3.3 Individuals must submit Subject Access requests in writing (including by electronic methods) and provide any necessary proof of identification and required fee as part of the request.
4.1 Anyone who feels that IKC has broken data protection law in any way, can complain. Examples of this are when they believe their information has not been obtained fairly, it has not been handled securely or they have asked for a copy of their information and they are not happy with IKC’s response.
4.2 IKC will endeavour to ensure that all Personal Data held in relation to an individual is accurate. Individuals who consider that data is inaccurate or out of date may also request, in writing, that the information be corrected or erased. They will receive a written response indicating whether or not the IKC agrees and if so, the action to be taken. IKC will rely on individuals to provide accurate and complete Personal Data when completing any enrolment or registration form or otherwise providing information to IKC or Personnel.
4.3 Individuals can also ask IKC to stop handling their Personal Data if they believe this will cause them harm or distress. IKC will act reasonably in relation to such request.
4.4 Data Protection training is important so that all Personnel understand their responsibilities.
4.5 All IKC employees (including temporary employees) will receive mandatory internal training annually.
4.6 Other Personnel are encouraged to attend online training.
4.7 Serious breaches of this policy caused by deliberate, negligent or reckless behaviour could result in disciplinary action and may even lead to criminal prosecution.

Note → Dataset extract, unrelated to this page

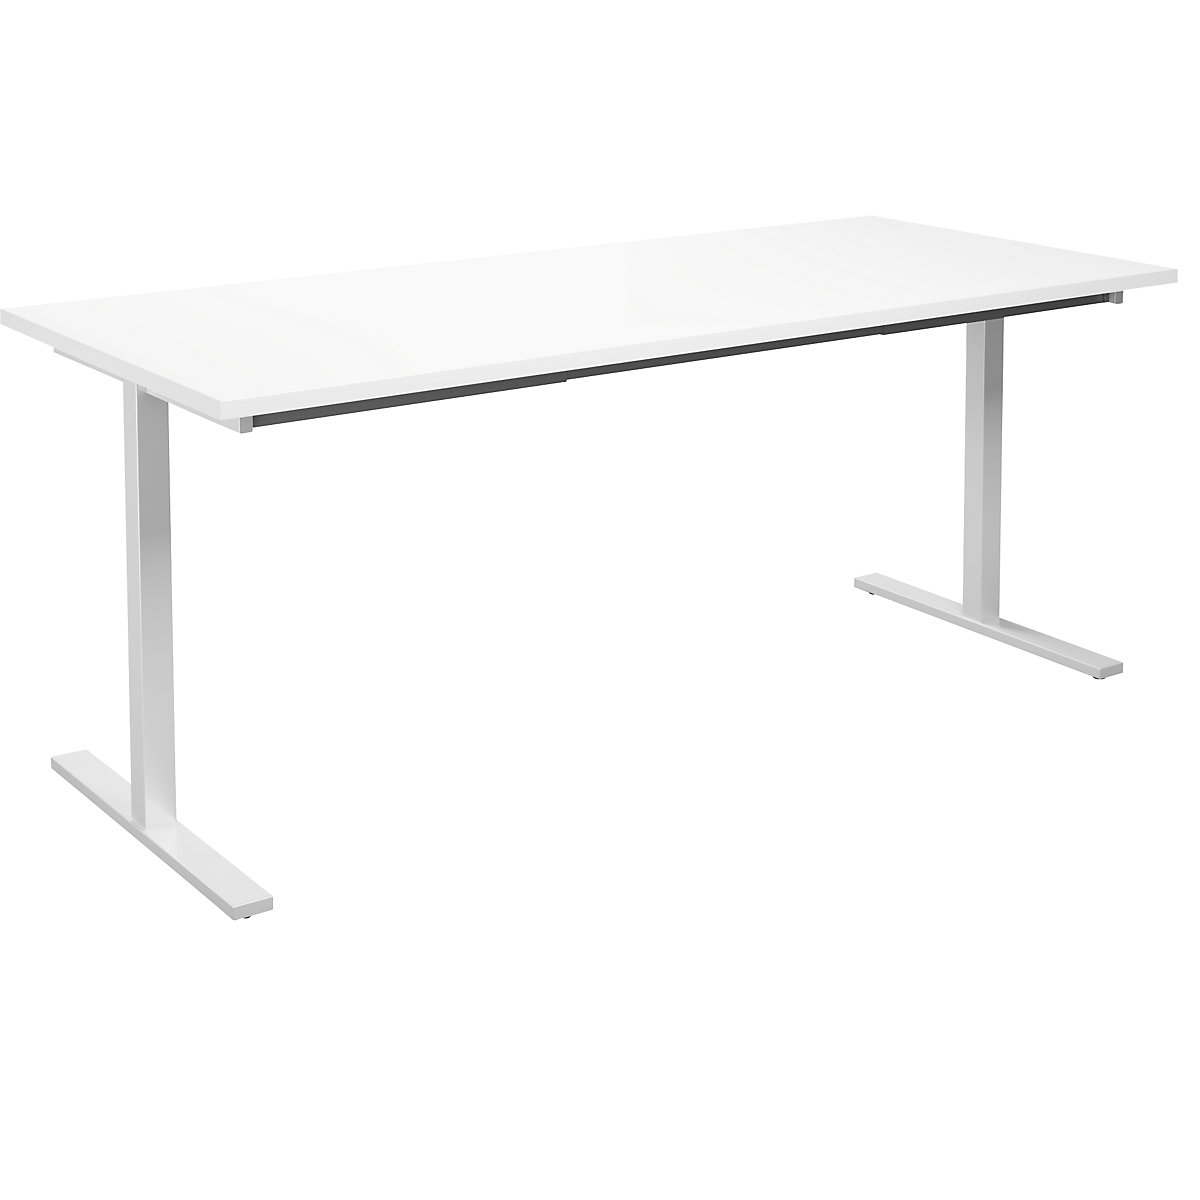 DUO-T multi-purpose desk, straight tabletop, WxD 1800 x 800 mm, white, white-3

4.8 Where those breaching this policy are not employees, this may be regarded as a serious breach of contractual obligations.
4.9 IKC has established an Information Governance Team.
4.10 Information Governance Team comprises the IKC President, IKC Registrar, and any officer or member of IKC to whom data protection functions are delegated from time to time.
4.11 Information Governance Team has direct responsibility for co-ordinating the maintenance and review of this policy annually.
4.12 Reviews will take into account changes in legislation, best practice, lessons learnt and may be in consultation with any relevant IT service providers or industry professionals.
Further Information and guidance
4.13 Enquiries regarding this policy should be directed to the Information Governance Team by using any of the contact details of the IKC set out in its website.